%%
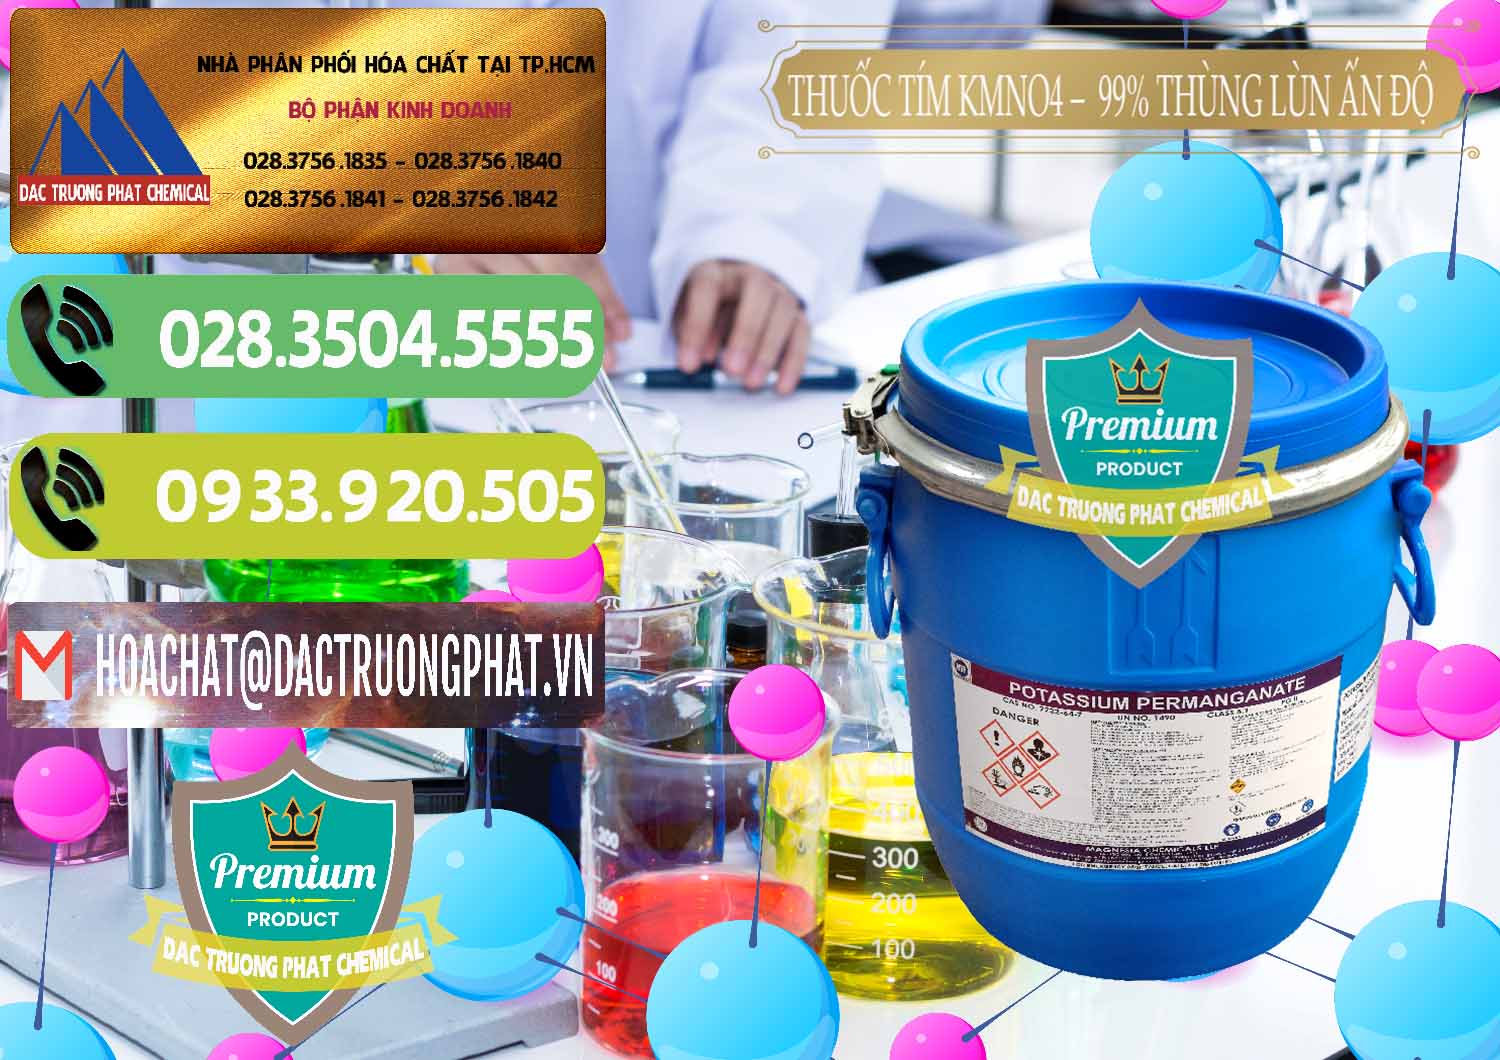 Công ty nhập khẩu ( bán ) Thuốc Tím - KMNO4 Thùng Lùn 99% Magnesia Chemicals Ấn Độ India - 0165 - Chuyên cung cấp và kinh doanh hóa chất tại TP.HCM - hoachatmientay.vn
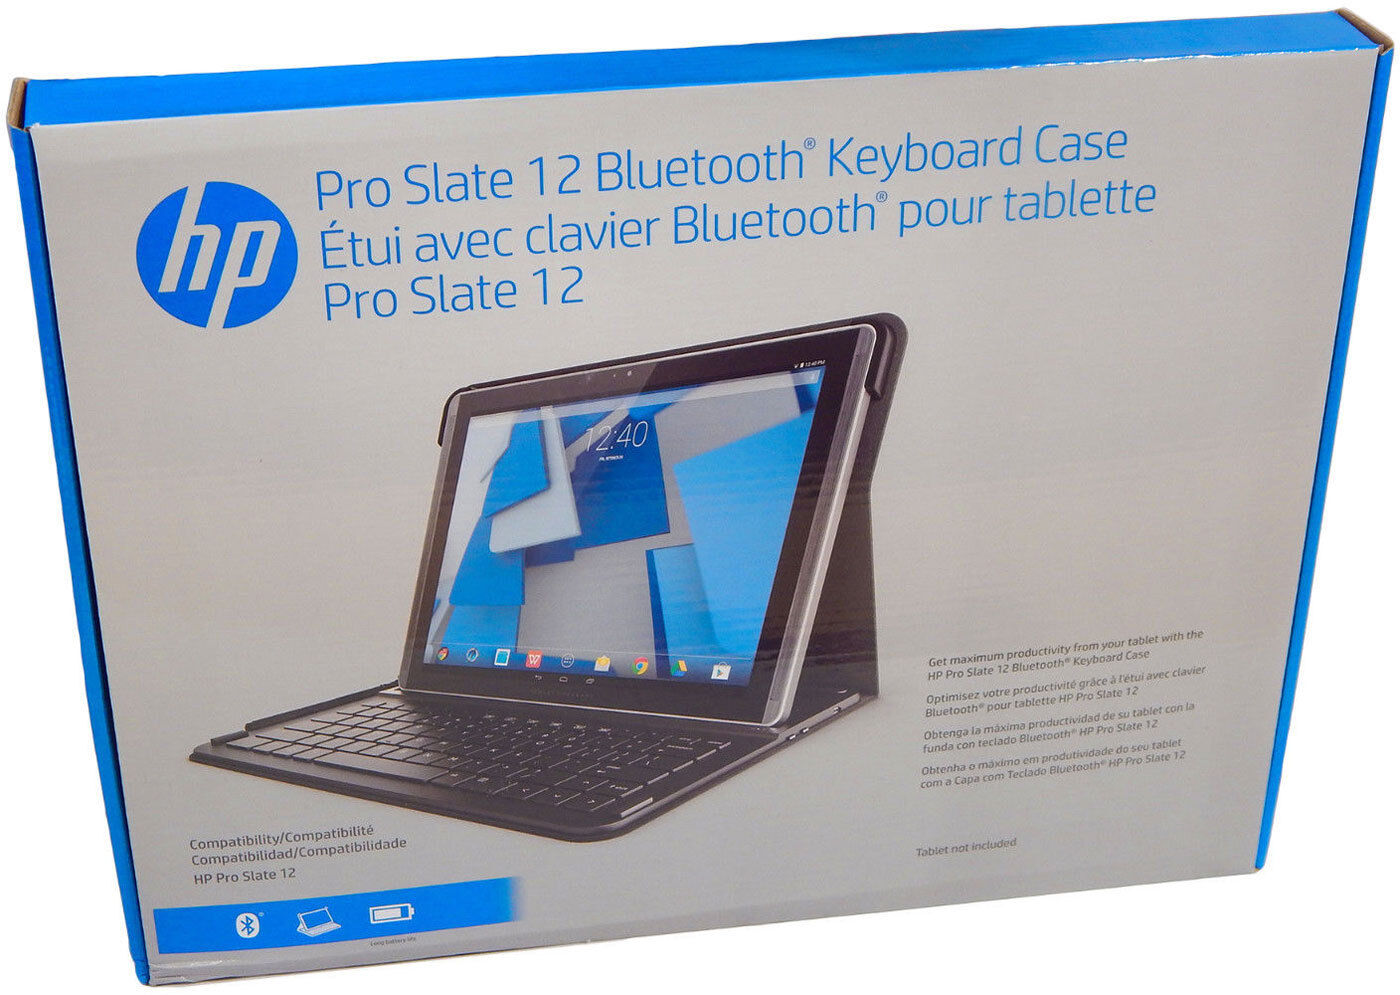 HP Pro Slate 12 BT Keyboard Case US English 801341-001 New Retail K4U66AA#ABA
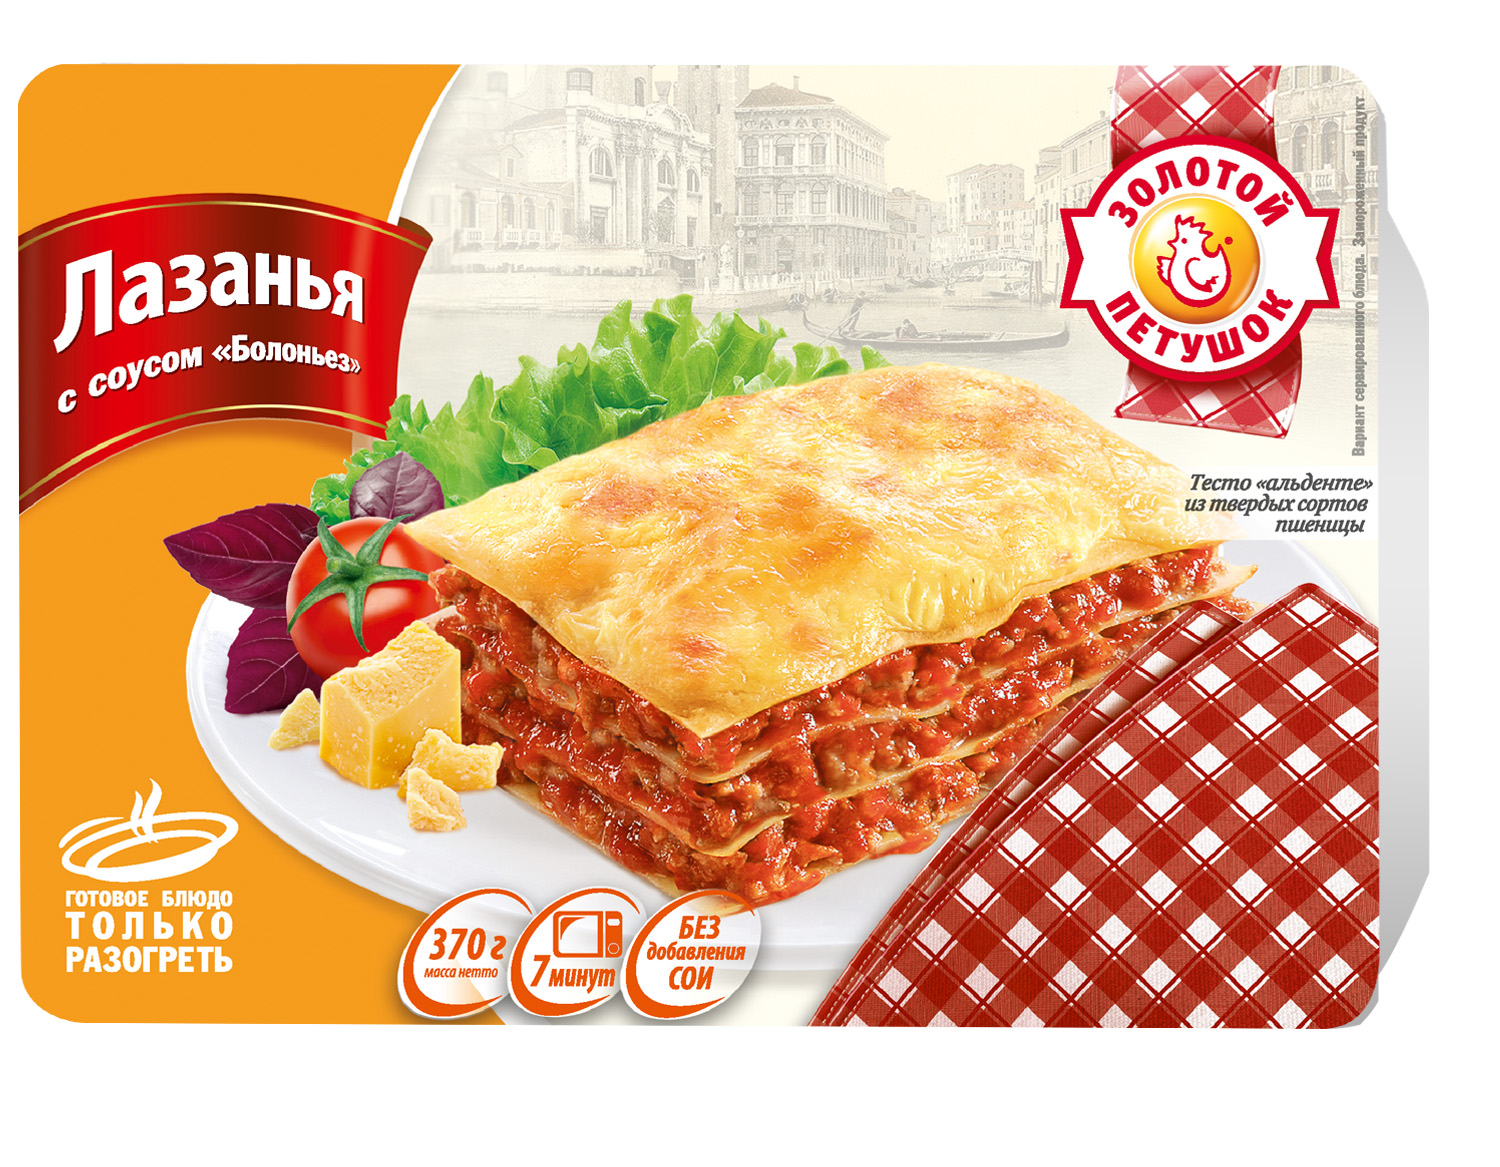 «Bolognese» Lasagna
%%
> [Aim of the task]
Return the material in full and unaltered, minus its pictures.

> [Your response]
 Công ty nhập khẩu ( bán ) Thuốc Tím - KMNO4 Thùng Lùn 99% Magnesia Chemicals Ấn Độ India - 0165 - Chuyên cung cấp và kinh doanh hóa chất tại TP.HCM - hoachatmientay.vn
 HP Pro Slate 12 BT Keyboard Case US English 801341-001 New Retail K4U66AA#ABA
 «Bolognese» Lasagna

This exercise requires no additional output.